You can use the Agent API to do network crawls like what you are talking about.
But why isn't everyone uploading their data to a central server anyway?
You could make a intranet repository for all data downloaded and have a bittorent posted for each.
... but when it was time for me to download Mandrake, the first place I looked was on Kazaa. I wasn't worried about it taking all night, but I didn't want to cause extra expense to the people providing this for free. I was disappointed I couldn't find it this way.
I also became a Robotech fan, resulting in the purchase of a number of DVDs. Technically that's not legitimate, but I would argue that because I couldn't find it on TV, finding a handful of apps on P2P wasn't necessarily that bad. Afterall, I was evaluating the series. Seems to me that in the case of series like this being released on DVD, having a few free sample episodes floating around the web would be an awesome marketing tool. There's lots of shows out there I'm curious about but I'm not about to spend $20 for a show I may or may not like.
"Derp de derp."
...and stop reinventing the wheel.
It won't be a solution, because after a while people will get used to having the network and being able to find the documents on other people's machines, and they will ask for text searching, version control, and so on. Not sure what Microsoft wants for the Sharepoint and what are the Linux alternatives, but it seems to be worth it in your case.

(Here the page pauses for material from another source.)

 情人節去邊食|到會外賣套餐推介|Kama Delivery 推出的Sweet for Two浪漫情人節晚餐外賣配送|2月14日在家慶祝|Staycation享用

Why not setup a cron a job to check the timestamp of the remote file and if it's newer than the local copy, download it to a machine in your office, and share it from there? No need for P2P really. I would think such a script could be written in a few minutes, and the file could be shared with Samba, and then everybody would have the latest version. Run the script every hour or whatever.
rooooar
What's wrong with the simple solution of just putting a proxy server in to cache the data from the original site?

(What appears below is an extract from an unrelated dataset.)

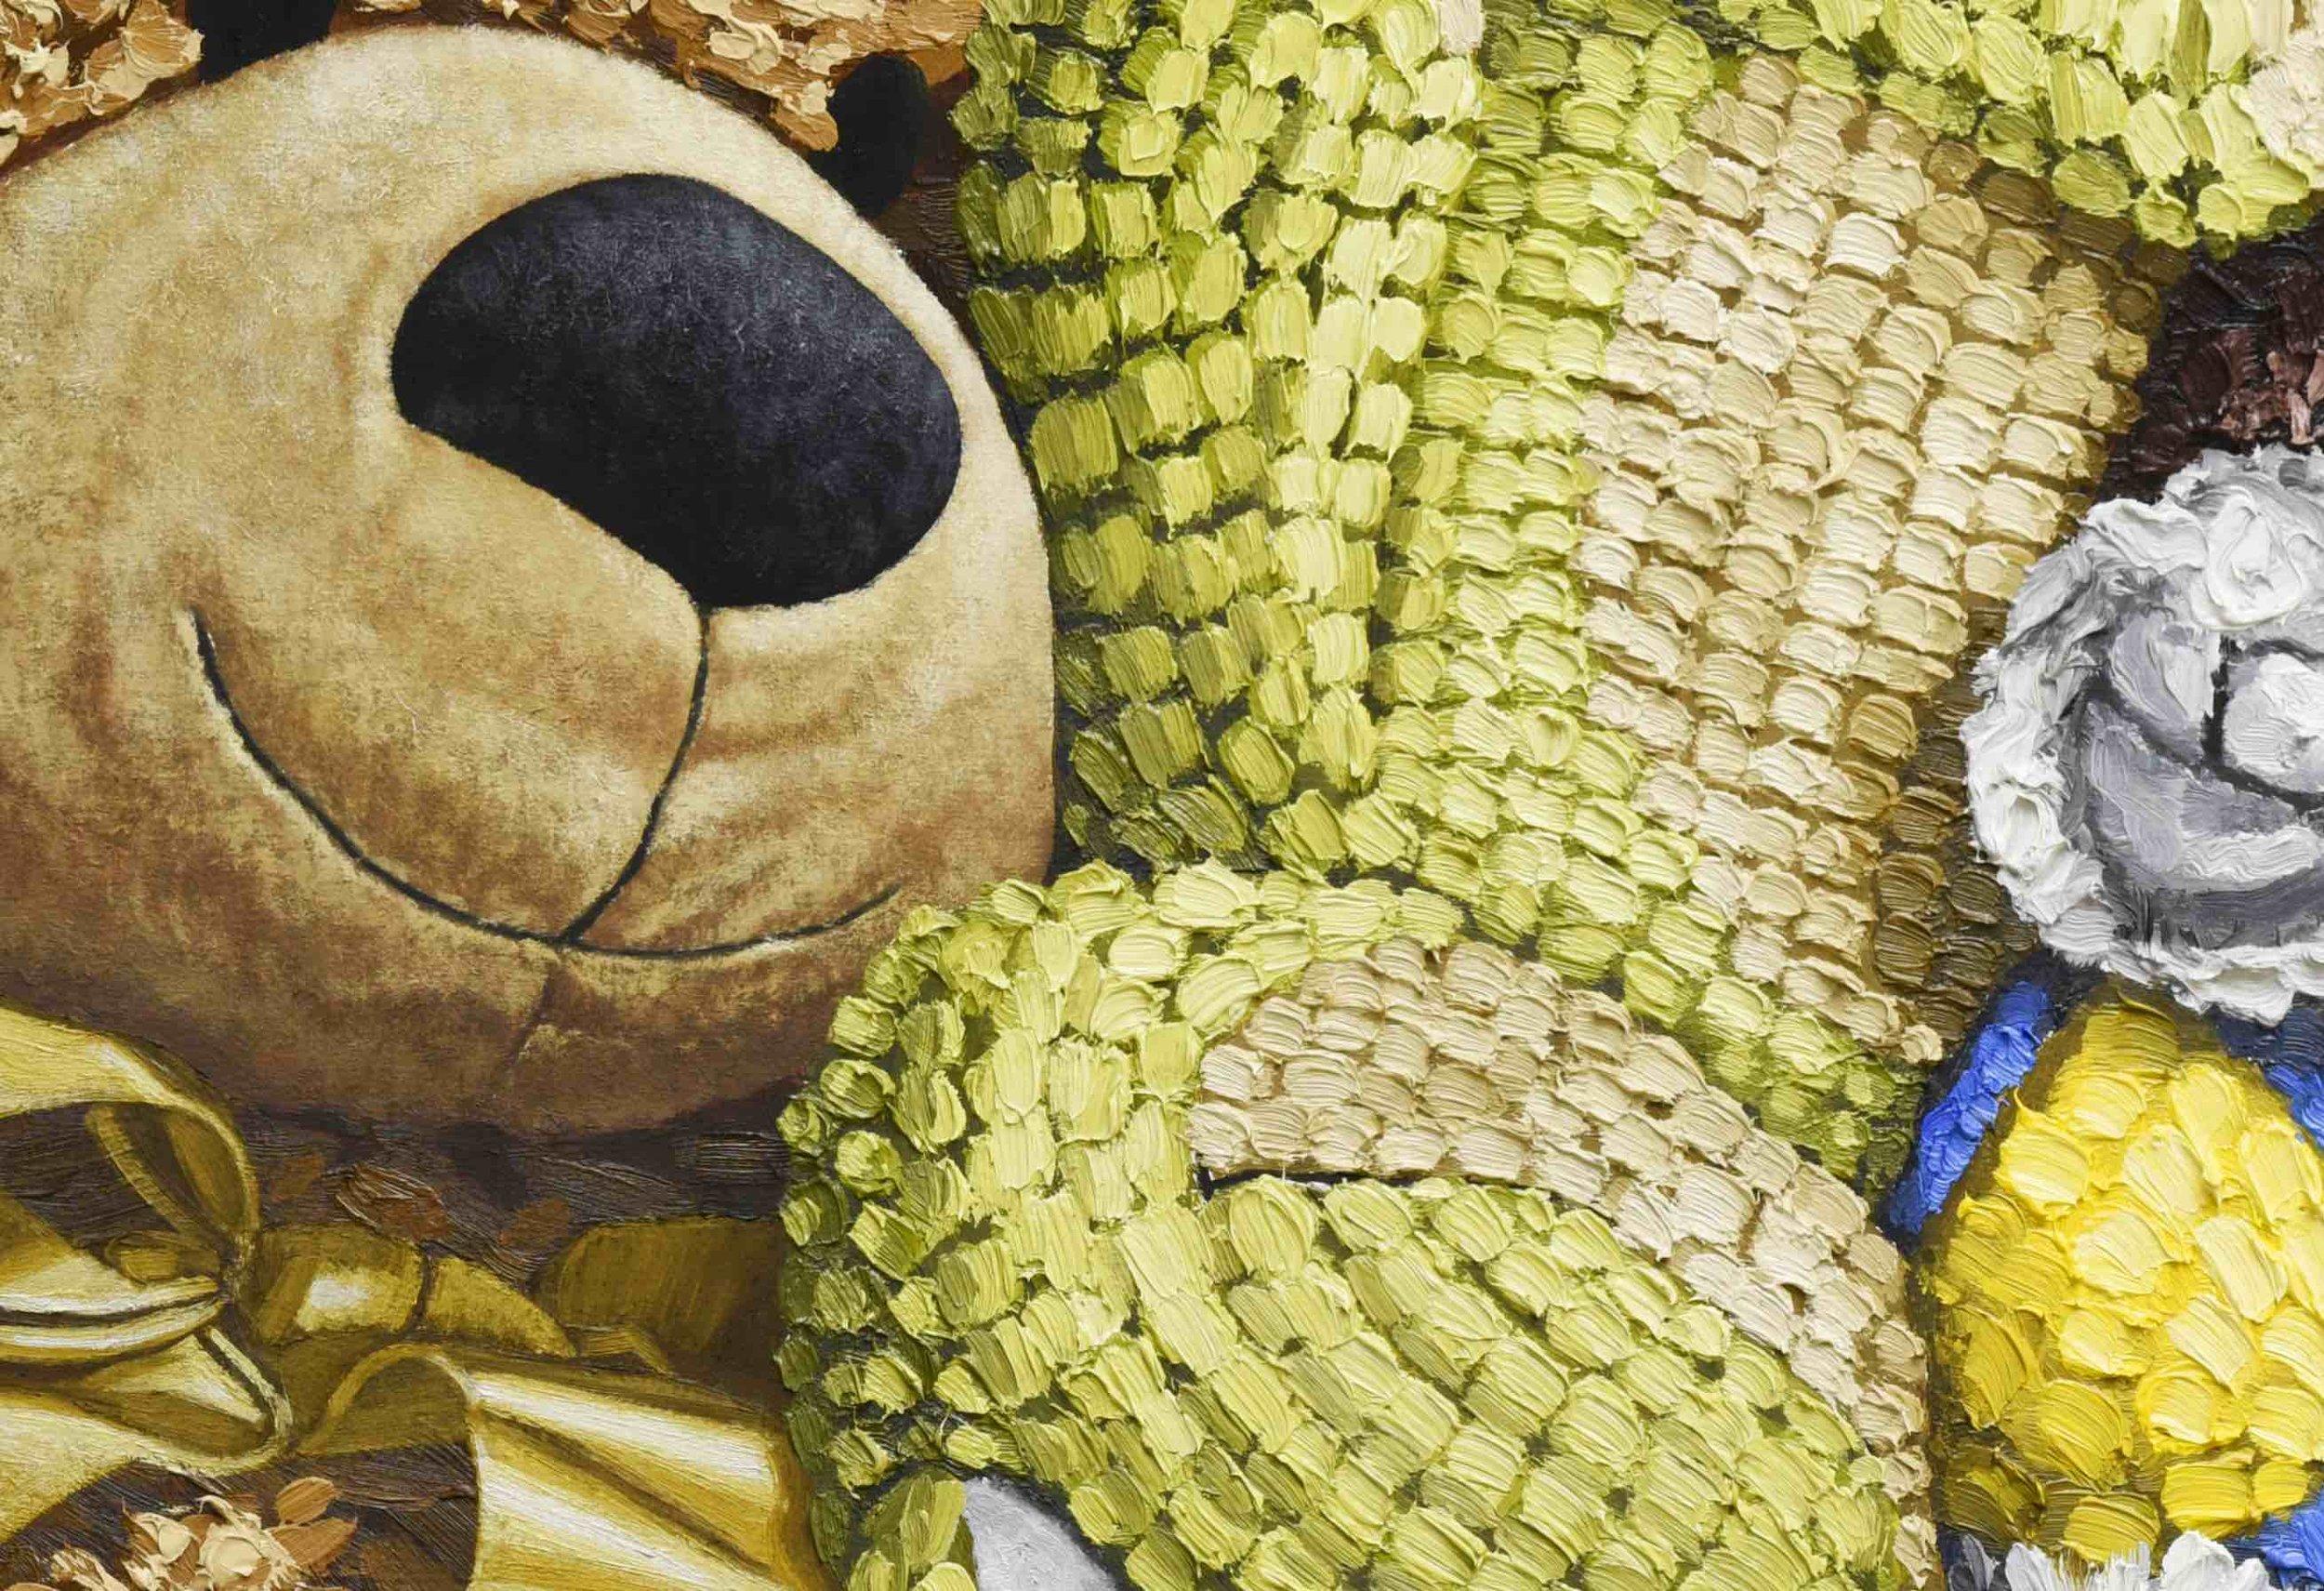 many-stuffed-animal-collage-painting-brent-estabrook-closeup2.jpg

Isn't that what it was designed for in the first place? Peer to peer file sharing in a trusted enviornment?
"All I want is a warm bed and a kind word and unlimited power." - Ashleigh Brilliant
While I'm sure many others are typing the same thing as I use this, why not set up bittorrent; it's nearly perfect for your application - if there are peers who already have the data, then it'll grab it off them, otherwise it'll grab it from the server.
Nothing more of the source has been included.